The number of digits in n! (Part 3)

The following graph shows the number of digits in $n!$ as a function of $n$ .

When I was in school, I stared at this graph for weeks, if not months, trying to figure out an equation that would fit these points. And I never could figure it out.

When I took calculus in college, I distinctly remember getting up the nerve to ask my professor, the great L.Craig Evans (now at UC Berkeley), if he knew how to solve this problem.
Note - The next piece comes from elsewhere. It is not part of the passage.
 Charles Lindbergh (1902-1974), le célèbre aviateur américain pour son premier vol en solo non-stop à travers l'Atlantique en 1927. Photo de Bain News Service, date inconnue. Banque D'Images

To my great consternation, he immediately wrote down what I now realize to be the right answer, using Stirling’s approximation:

$\ln n! \approx \left(n + \displaystyle \frac{1}{2} \right) \ln n - n + \frac{1}{2} \ln (2\pi)$

While I now know that this was the way to go about solving this problem, I didn’t appreciate how this formula could help me at the time. I only saw the $n!$ on the left-hand side and did not see the immediate connection between this formula and the number of digits in $n!$ .

But now I know better.

For starters, the number of base-10 digits in a number $n$ is always the next integer greater that $\log_{10} n$ . For example, $\log_{10} 2000 \approx 3.301$, and the next integer larger than $3.301$ is 4. Unsurprisingly, the number $2000$ has 4 digits.
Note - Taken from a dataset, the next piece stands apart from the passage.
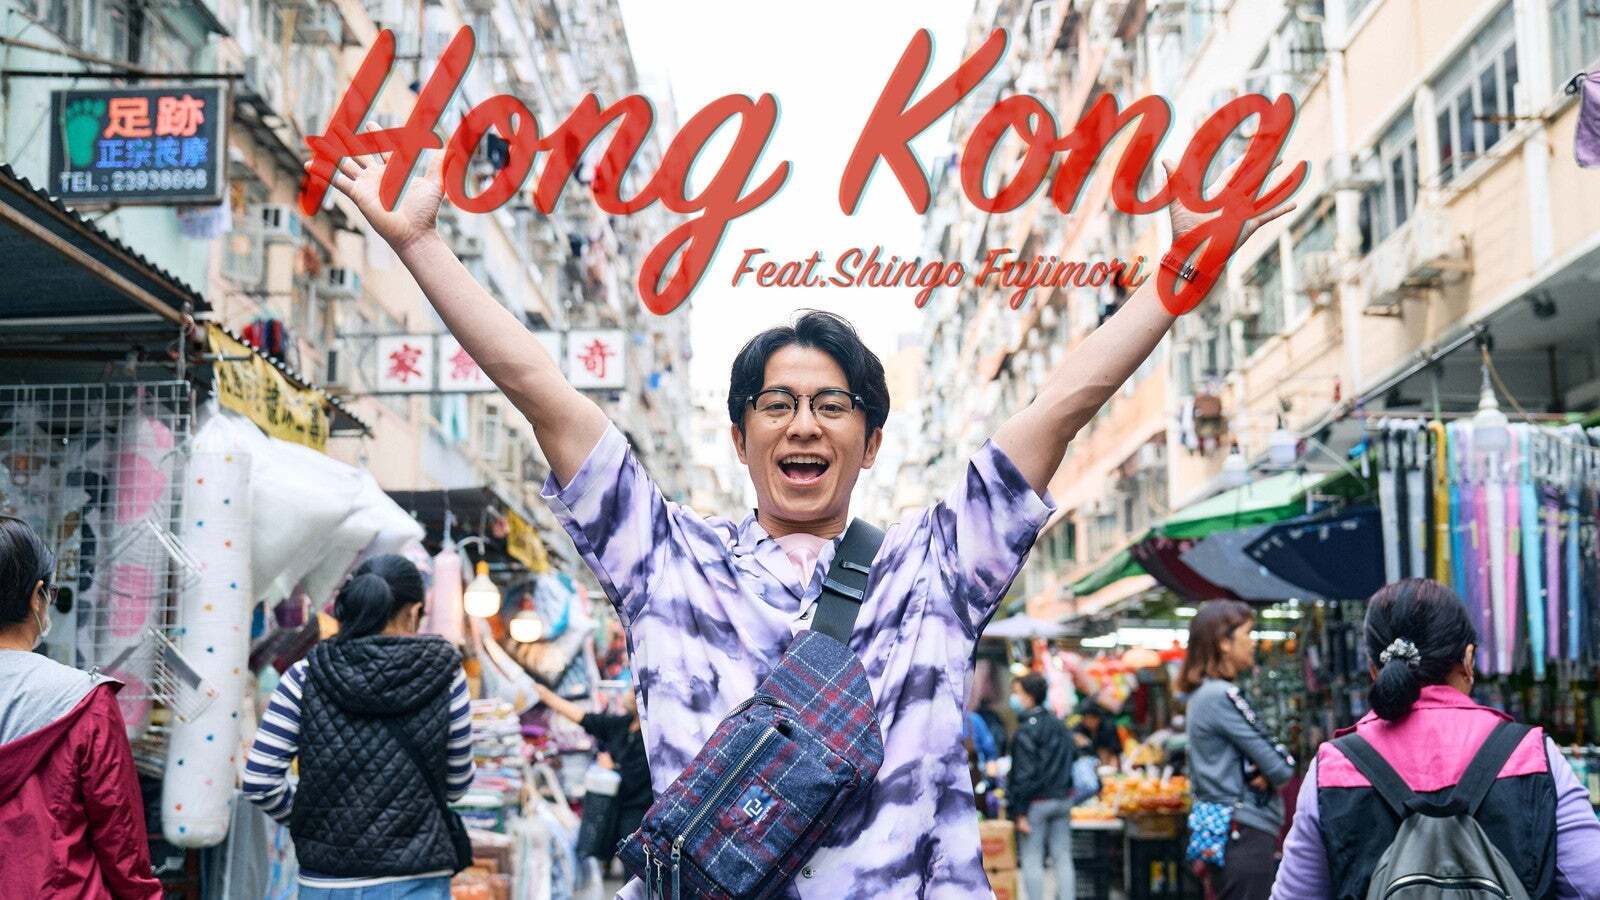 “Hong Kong feat. 藤森慎吾”

Second, the change of base formula for logarithms gives

$\log_{10} n! = \displaystyle \frac{\ln n!}{\ln 10}$

Therefore, the number of digits in $n!$ will be about

$\displaystyle \frac{\left(n + \displaystyle \frac{1}{2} \right) \ln n - n + \frac{1}{2} \ln (2\pi)}{\ln 10}$

The graph below shows just how accurate this approximation really is. The solid curve is the approximation; the dots are the values of $\log_{10} n!$ . (In other words, this series of dots are only slightly different than the dots above, which have integers as coordinates.) Not bad at all… the error in the approximation is smaller than the size of the dots in this picture.

The number of digits in n! (Part 2)

The following graph shows the number of digits in $n!$ as a function of $n$ .

When I was in school, I stared at this graph for weeks, if not months, trying to figure out an equation that would fit these points. And I never could figure it out.

In retrospect, my biggest mistake was thinking that the formula had to be something like $y = a x^m$ , where the exponent $m$ was a little larger than 1. After all, the graph is clearly not a straight line, but it’s also not as curved as a parabola.

What I didn’t know then, but know now, is that there’s a really easy way to determine to determine if a data set exhibits power-law behavior. If $y = a x^m$ , then

$\ln y = \ln a + m \ln x$ .

If we make the substitutions $Y = \ln Y$ , $B = \ln a$ , and $X = \ln x$ , then this equation becomes

$Y = m X + B$

In other words, if the data exhibits power-law behavior, then the log-transformed data would look very much like a straight line. Well, here’s the graph of $(X,Y)$ after applying the transformation:

Ignoring the first couple of pots, the dots show an ever-so-slight concave down pattern, but not enough that would have discouraged me from blindly trying a pattern like $y = a x^m$ . However, because these points do not lie on a straight line and exhibit heteroscedastic behavior, my adolescent self was doomed to failure.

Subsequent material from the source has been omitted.